Povertà, nel Nord-Est aumentano le persone con grave disagio. Il 50% è italiano
VENEZIA - Aumenta, anche se di poco, il numero delle persone in condizioni di bisogno nel Nordest. Secondo il rapporto “E chi è il mio prossimo?” presentato da Caritas, le persone accolte nelle 130 strutture prese in esame dal report (sul totale di 206), dedicate all’accoglienza di persone in grave e gravissima marginalità sociale, sono state 3.896 nel 2015, mentre nel 2014 erano state 3.865.
Da un campione di 608 persone accolte al 1 giugno 2015 nelle diverse residenze, emerge che le persone in condizioni di bisogno sono prevalentemente maschi (79%), celibi (52%) e si dividono in due gruppi quasi omogenei, con gli italiani che rappresentano il 50,3% del campione, gli stranieri comunitari con il 5,6% e gli stranieri extra Ue con il 44,1%. Gli immigrati sono più giovani e si concentrano nella fascia d'età over40, mentre gli italiani sono più anziani.
Si tratta di persone che presentano multiproblematiche, in primis legate alla casa, al reddito e al lavoro. Oltre a questo, tra gli italiani incidono anche problemi familiari, di salute, dipendenza, autonomia psico-fisica, devianza, istruzione e socialità. Per le persone straniere, da tempo presenti in Italia e con regolari permessi di soggiorno, le difficoltà maggiori sono legate al reddito, al lavoro e alla casa.
Quanto alle strutture, la Caritas del Nordest mette a disposizione (al 1 giugno 2015) complessivamente 980 posti letto di cui: 346 tra dormitori e soluzioni di emergenza, 314 Case accoglienza per un'utenza eterogenea; 13 Casa-famiglia per madri con minori, 139 alloggi semi-protetti, 134 alloggi in autonomia, 34 Housing First. In queste strutture lavorano 196 operatori dipendenti affiancati da 663 volontari, un numero che sale a quota diverse migliaia se si conderano tutte le 2016 strutture della rete e non solo quelle oggetto del rapporto.

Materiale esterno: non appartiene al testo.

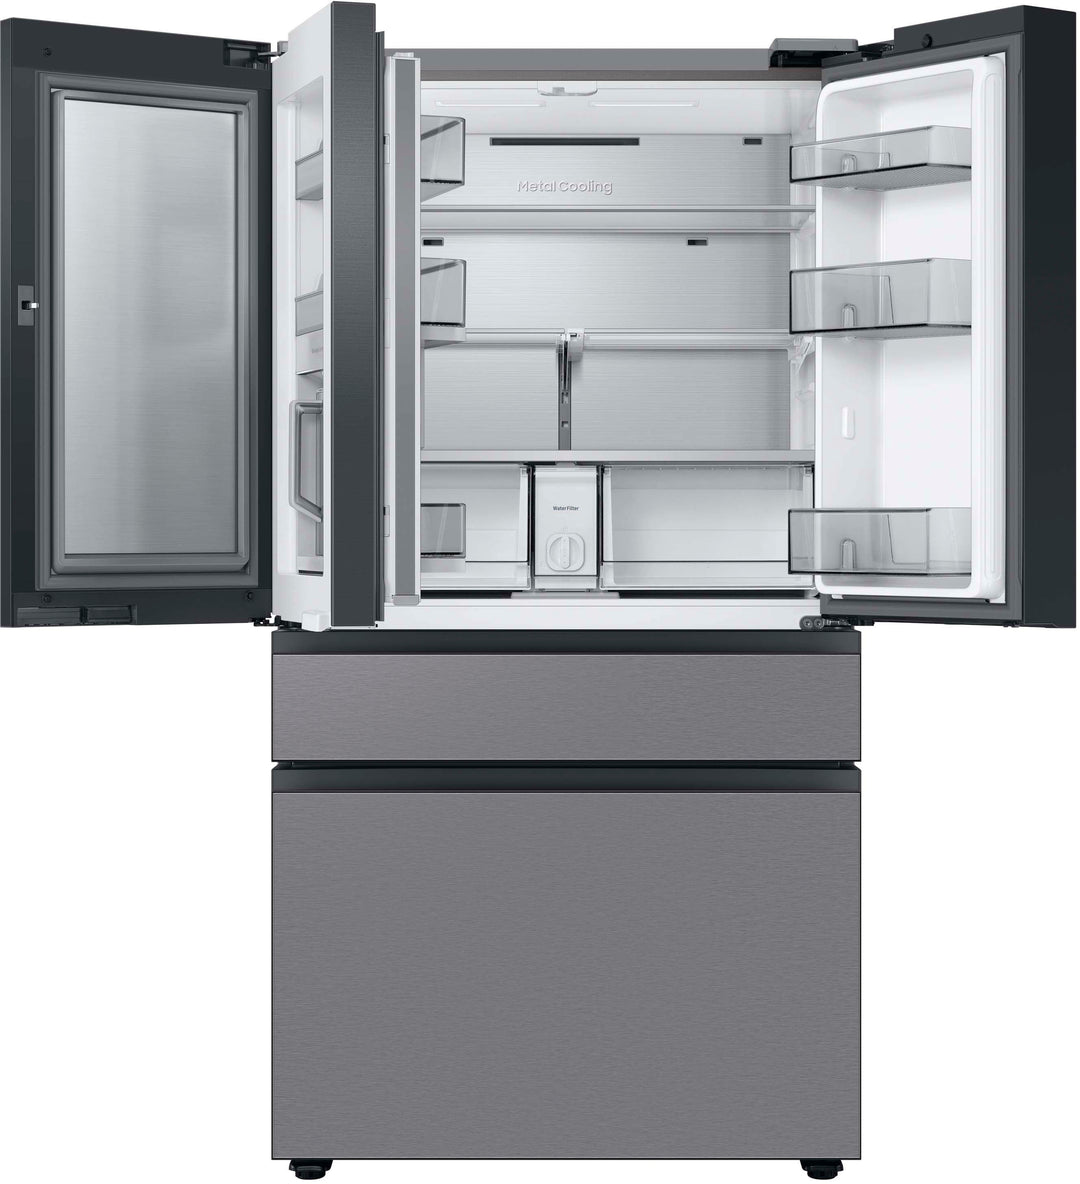 Samsung - Bespoke 23 cu. ft. Counter Depth 4-Door French Door Refrigerator with Beverage Center - Stainless steel_3

"Dal rapporto emerge un profilo bello del volontariato di relazione - ha spiegato don Giovanni Sandonà, già direttore dell'Osservatorio Povertà -, ossia, di come la relazione di accoglienza e accompagnamento genera percorsi di inclusione sociale. Resta dolente il problema della residenza, senza la quale molti dei senza dimora non possono accedere a nessuna forma di tutela socio-sanitaria e previdenziale. Così come la presa in carico da parte della rete dei Servizi Sociali Territoriali: dato evidenziato dal 36% degli accolti in carico solo alle nostre Caritas".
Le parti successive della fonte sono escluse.